BP2MI Kembali Raih Penghargaan JDIHN dari Kemenkumham

JAKARTA – Badan Pelindungan Pekerja Migran Indonesia ( BP2MI ) menyabet peringkat terbaik II Taraf Lembaga eksekutif Non Kementerian (LPNK) untuk konteks pengelolaan Jaringan Dokumentasi serta Infomasi Hukum Nasional (JDIHN) Awards. Penghargaan ini merupakan bukti bahwa BP2MI mengurus produk-produk hukum yang mana sudah dibuat.
Ini sekaligus sebagai pembuktian BP2MI selalu memberikan yang terbaik pada hal pelayanan publik khususnya bagi Pekerja Migran Indonesia (PMI) . “Alhamdulillah BP2MI tahun ini kembali menorehkan prestasi peringkat terbaik II,” kata Sekretaris Utama BP2MI Rinardi yang dimaksud hadir secara langsung menerima penghargaan, Kamis (22/8/2024).
Rinardi berharap prestasi serta capaian yang mana baik yang disebutkan seharusnya dipertahankan. Bahkan ditingkatkan lagi arah lebih lanjut baik untuk peluang kerja berikutnya. ”Ayo terus kita bahu-membahu menunjukkan kerja cerdas, kerja sungguh-sungguh untuk memajukan Lembaga yang kita cintai ini,’’ ujarnya.
Penghargaan ini merupakan bukti komitmen BP2MI melalui Biro Hukum juga Hubungan Warga pada pelayanan dokumentasi lalu informasi hukum. Proses penyerahan Penghargaan berlangsung di tempat Hotel Aston Kartika Grogol, Jakarta, Kamis (22/8/2024). Kegiatan JDIHN ini diadakan setiap tahun oleh Kemenkumham .
Menteri Hukum serta Hak Asasi Manusia (Menkumham) Supratman Andi Agtas, yang diwakili Kepala Badan Pembinaan Hukum Nasional (BPHN) Widodo Ekatjahjana pada sambutannya menyampaikan apresiasi terhadap seluruh anggota JDIHN. Karena sudah pernah mengupayakan terdokumentasikannya dokumen hukum dan juga terintegrasi secara nasional sehingga mampu menyediakan sumber daya hukum yang lengkap, akurat, serta mudah diakses.
‘’Ini adalah sarana meningkatkan literasi hukum. Dimana JDIHN juga merupakan salah satu upaya pemerintah di mewujudkan literasi hukum di area masyarakat. JDIHN sudah pernah mengubah cara birokrasi pemerintah bekerja, dari berbasis konvensional atau manual menjadi berbasis internet yang dapat mempermudah akses penyebaran informasi hukum untuk masyarakat,” katanya.
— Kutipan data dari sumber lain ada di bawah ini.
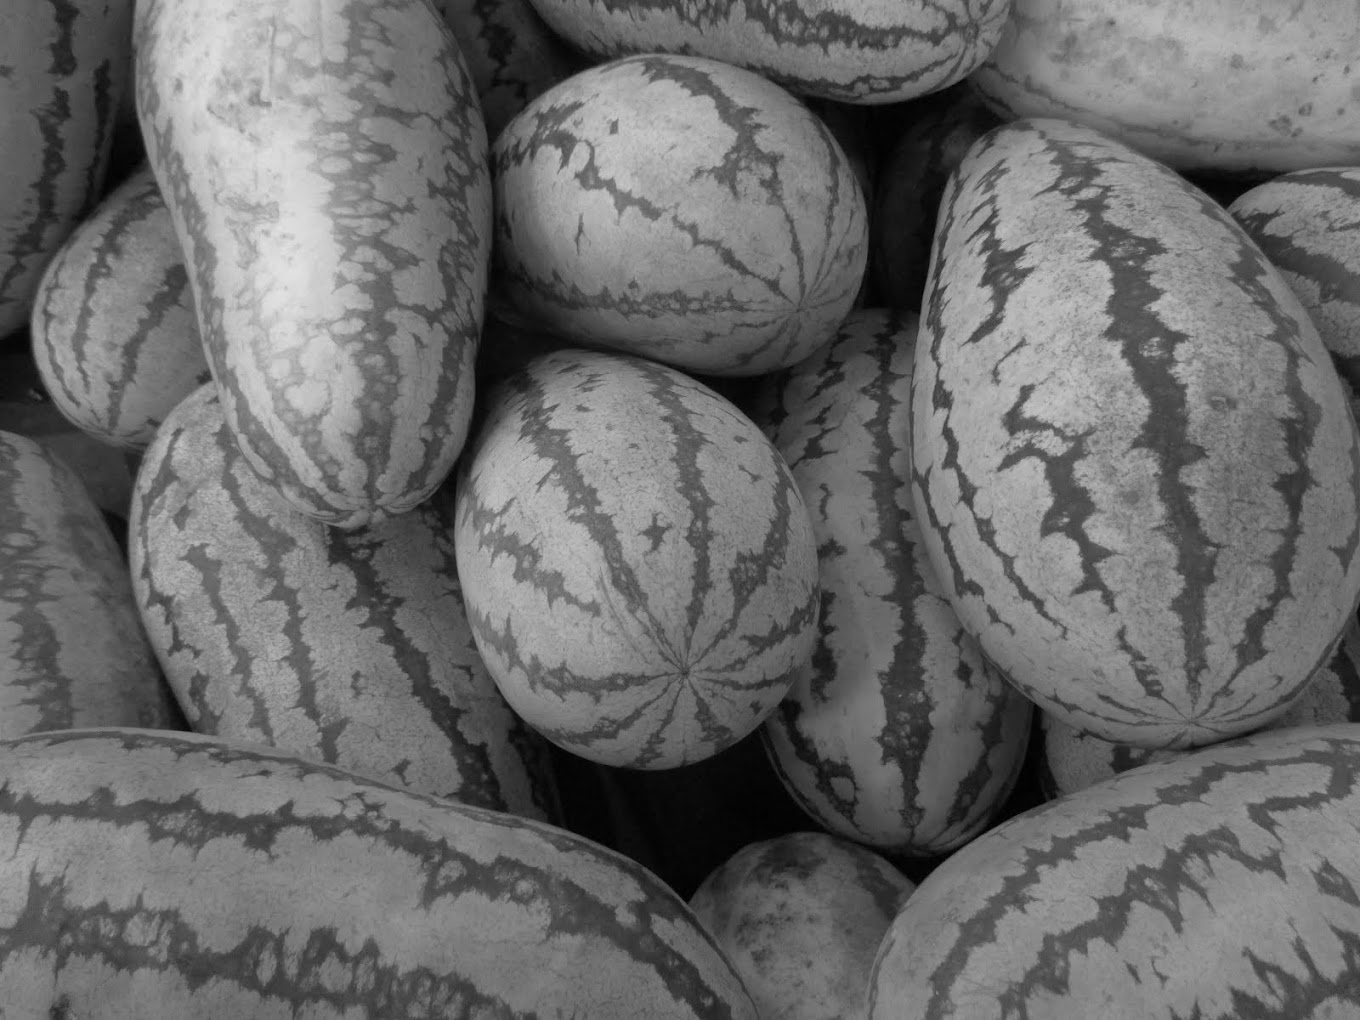 CA - CROCODILE WATERMELON - crocodile watermelon for sale - new orleans - LA / USA - 2016

Widodo berharap para pimpinan dan juga anggota JDIHN masih berikrar untuk melaksanakan pengelolaan JDIH agar lebih tinggi optimal lagi. Tema yang diusung di Pertemuan Nasional Pengelola JDIH Tahun 2024 yakni “JDIHN Berkualitas Mengembangkan Literasi kemudian Kepatuhan Hukum”.
Pemilihan tema menurut Kepala Pusat JDIH Nasional BPHN, Jonny Pesta Simamora, sejalan dengan arah kebijakan strategis pemerintah pada Menyongsong Indonesia Emas 2045 dengan peningkatan literasi juga kepatuhan hukum melalui JDIHN. Terdapat peningkatan signifikan pengelolaan JDIH selama beberapa tahun terakhir.
Ini terlihat dari meningkatnya jumlah agregat anggota yang mana terintegrasi kemudian peningkatan laporan oleh anggota JDIHN. Dari 1.617 instansi Anggota JDIHN, 1.234 instansi telah lama terintegrasi dengan Portal JDIHN.GO.ID. Laporan anggota JDIH juga meningkat dari 612 laporan pada tahun 2022 menjadi 736 laporan di tempat tahun 2023. ”Peningkatannya signifikan, yakni 124 laporan atau 20,26%,” ujarnya.